| COLLECTED DATA |
* * *

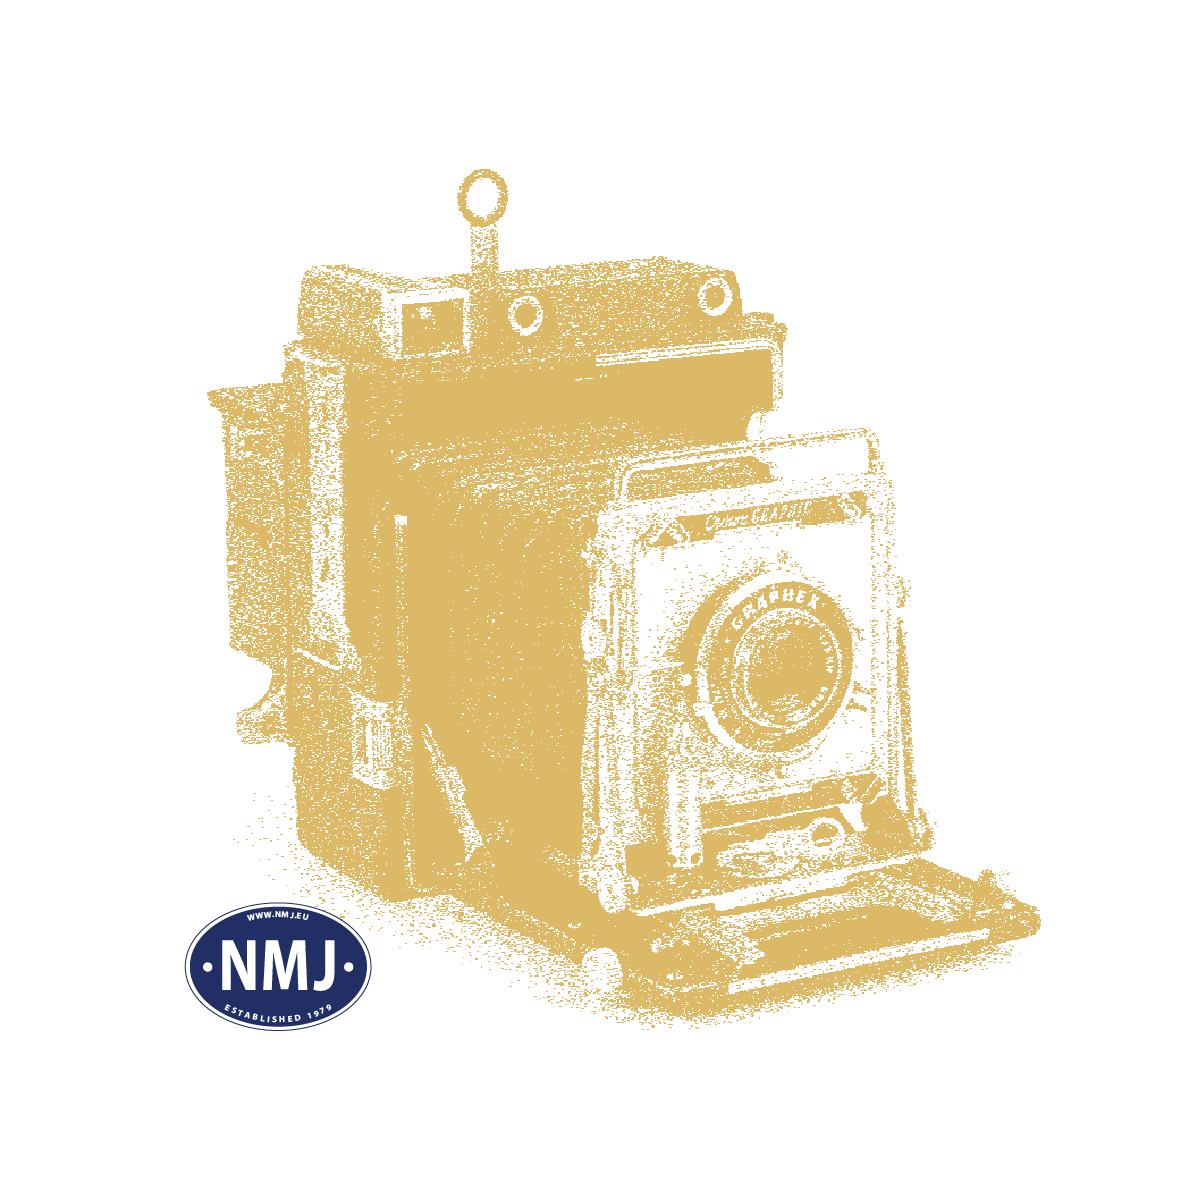 TOM02070403 - Micro Lysdiode m/print og loddepunkter, Grønn
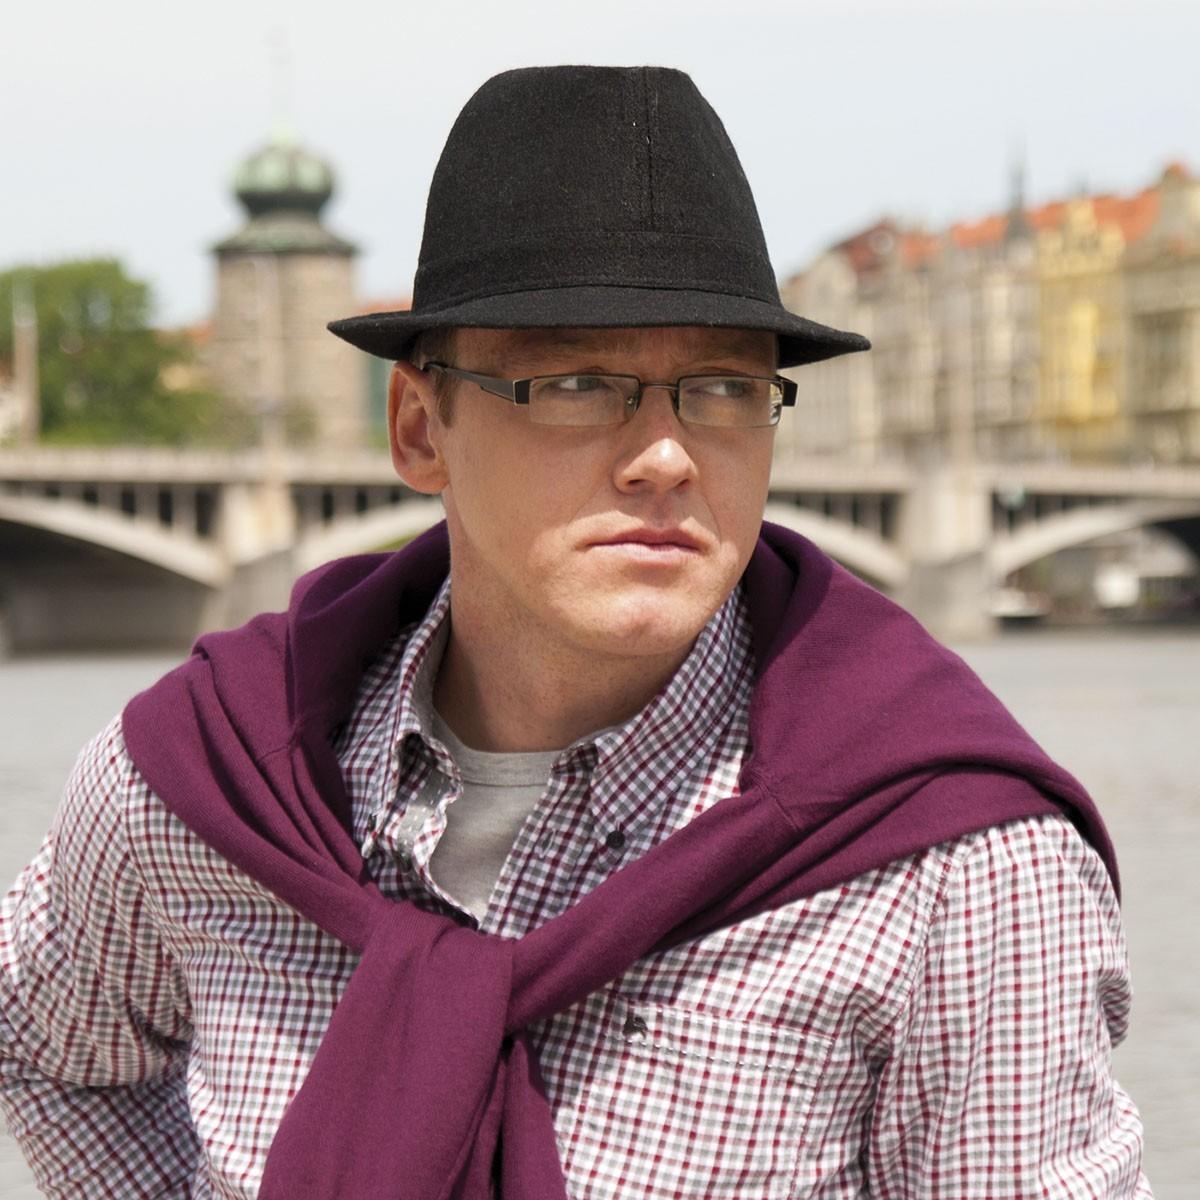 pánský šitý klobouk jednobarevný
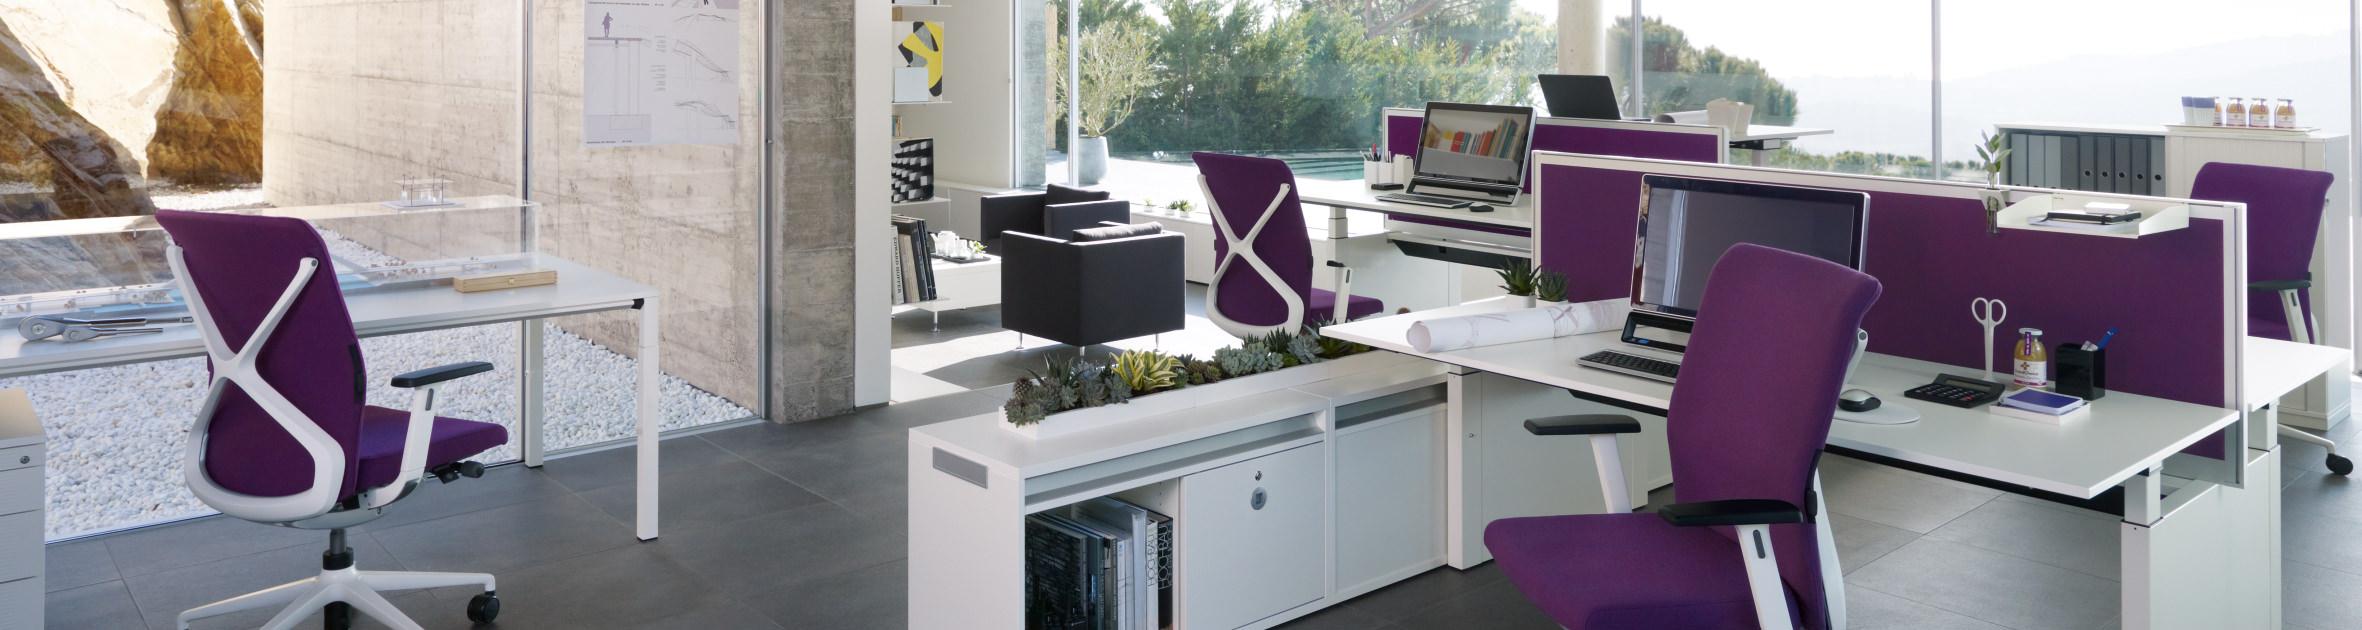 ckw Einrichtung, Büro in Lila
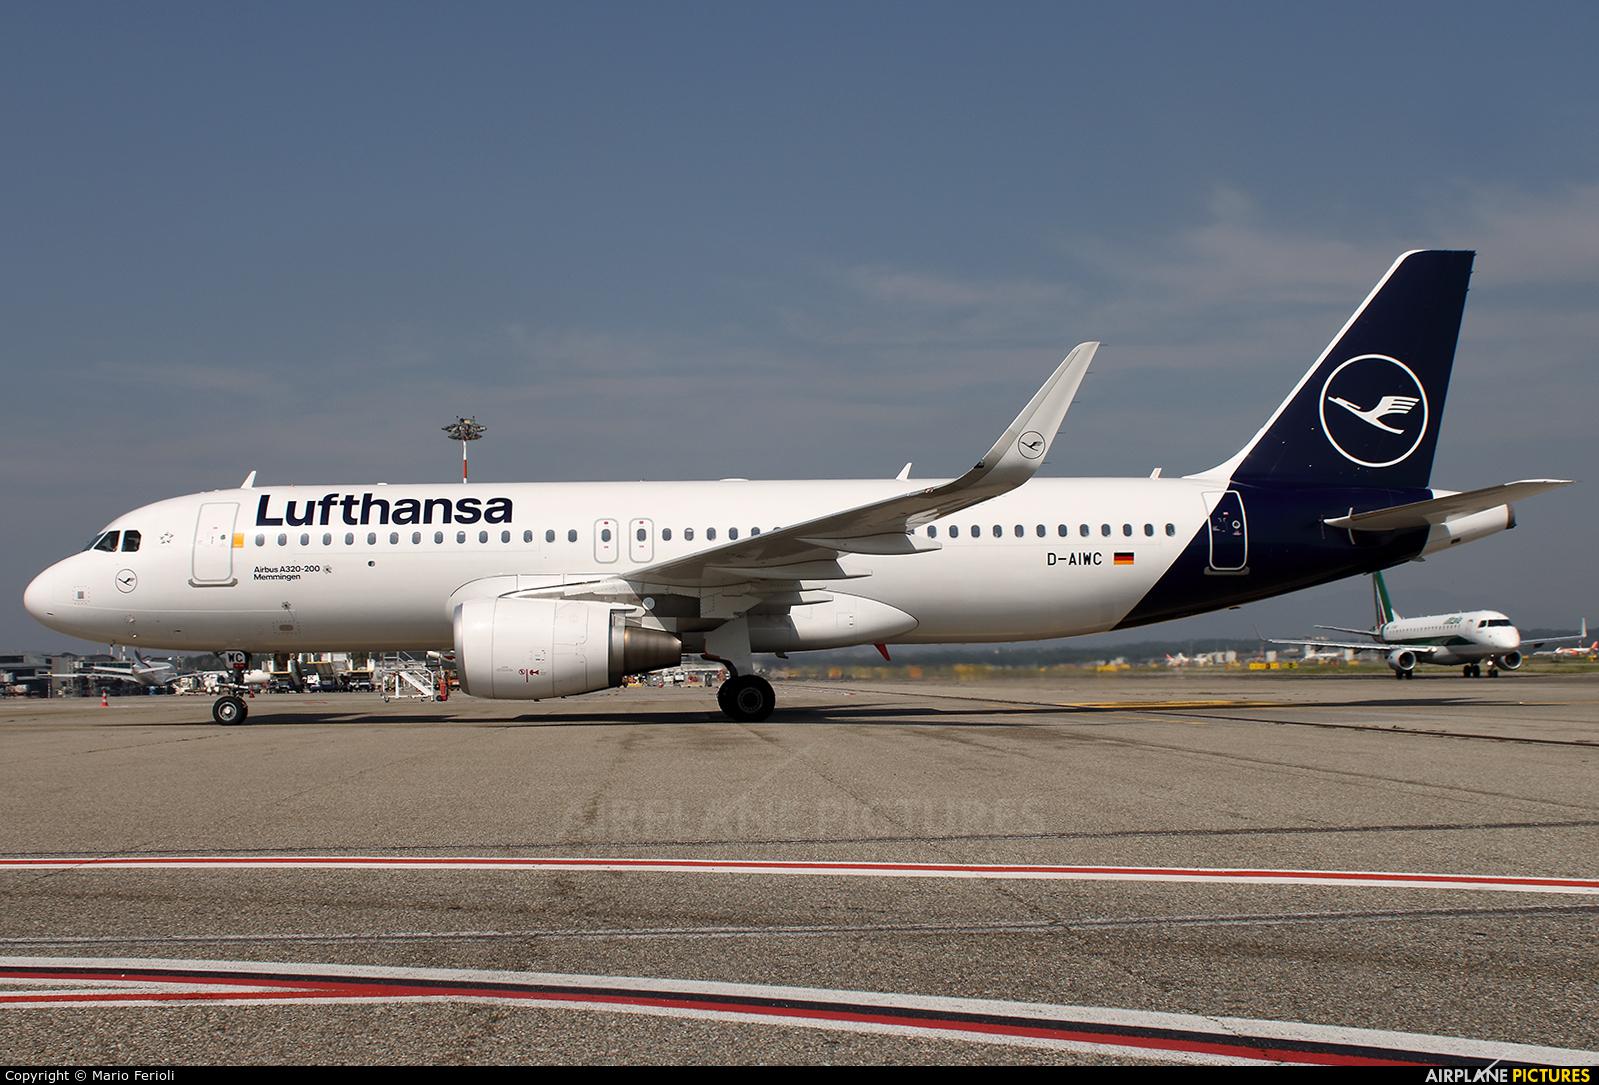 Lufthansa D-AIWC aircraft at Milan - Malpensa

* * *

| TASK DETAILS |
Skip the pictures. Please copy exactly the lines from the one with "ckw Einrichtung, Büro in Lila" through the final line of the material above, both ends included.

| ANSWER SPACE |
 ckw Einrichtung, Büro in Lila
 Lufthansa D-AIWC aircraft at Milan - Malpensa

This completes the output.